Presentation

Literature is universal, global and transhistorical in scope, albeit in extremely diverse forms: the study of its variations is the object of this Chair, in line with the lectures in comparative literature that began to appear in Europe and America in the XIXth century. Reading texts of all origins and status, literary analysis and the necessary contextualization are at the service of this immobile journey and the disorientation that accompanies it. The exercise of admiration is not forbidden either.

The aim is to open the door of the world library and browse its shelves, so as to make us unlimited readers, capable of reading beyond literature, freeing ourselves from our own historicity, in a process of defamiliarization. For it is in fact the very notion of literature that is problematic, with all that it implies in terms of historically dated and geographically localized presuppositions and usages: basically, the Europe of the last two centuries. This is why the title of the Chair has been changed to the plural, and why it proposes the study not of literature, but of literatures, whose diversity - not only linguistic, but also cultural and anthropological - must be postulated first and foremost.

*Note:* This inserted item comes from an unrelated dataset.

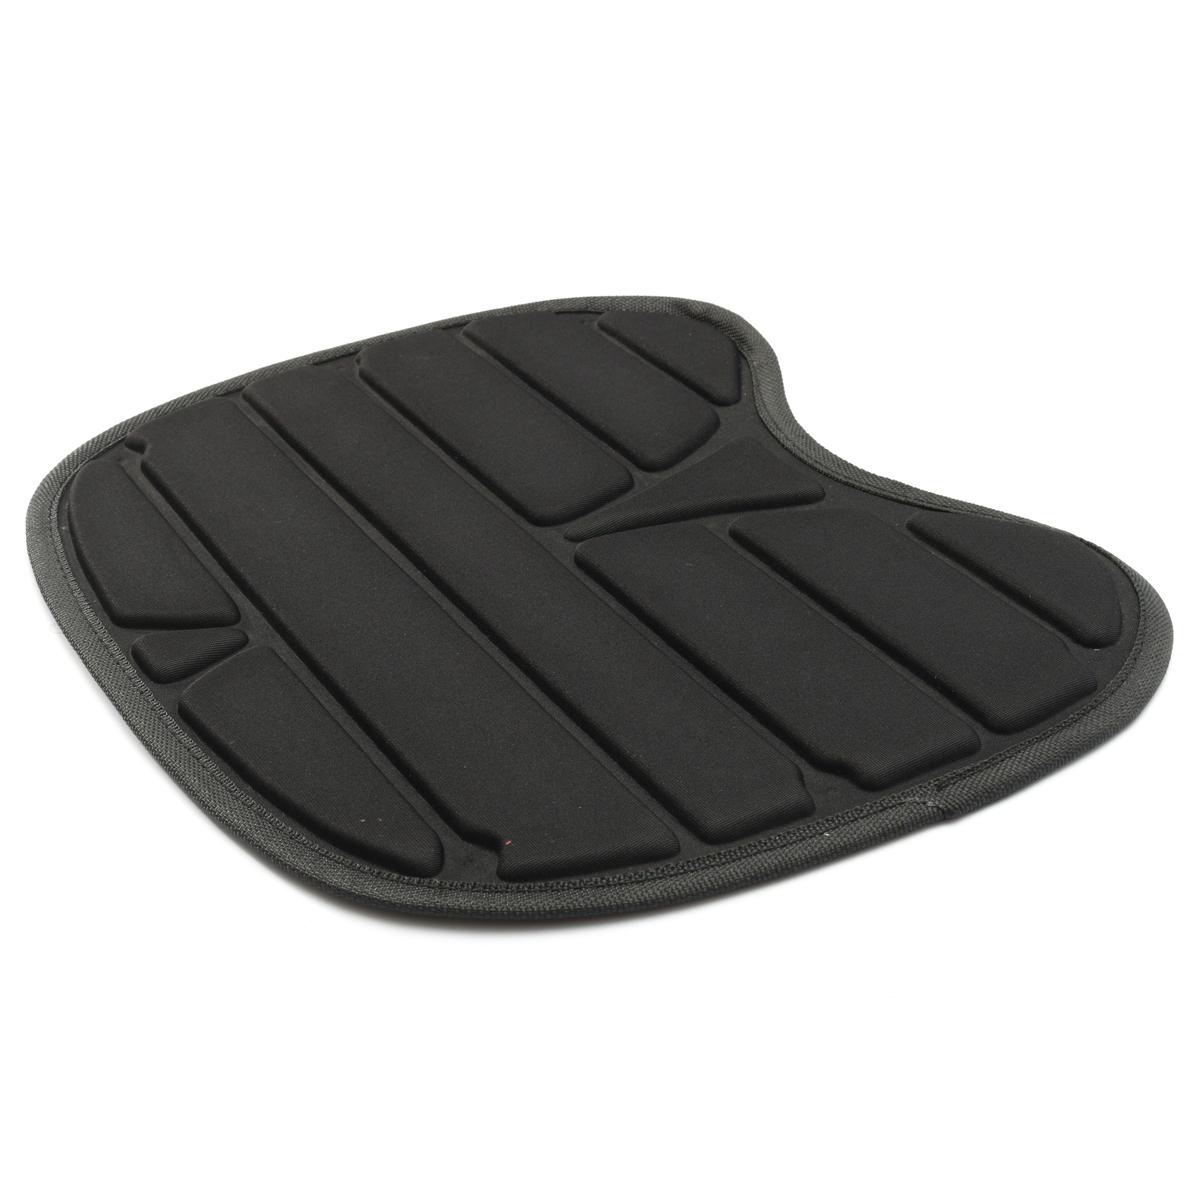 1x kayak canoe dinghy boat EVA padded seat cushion black soft comfFJ

The Comparative Literatures Chair's research focuses on the long-term evolution of aesthetic systems and the status of literature from Antiquity to the present day, and on how these vary from one culture to another, with work on Greek tragedy, Japanese Noh and Asian literatures, medieval and Renaissance humanism, the Enlightenment, the classical and romantic arts, European modernism and contemporary literature. Genetic criticism and manuscript editing are also used, with works on Paul Valéry and T. S. Eliot.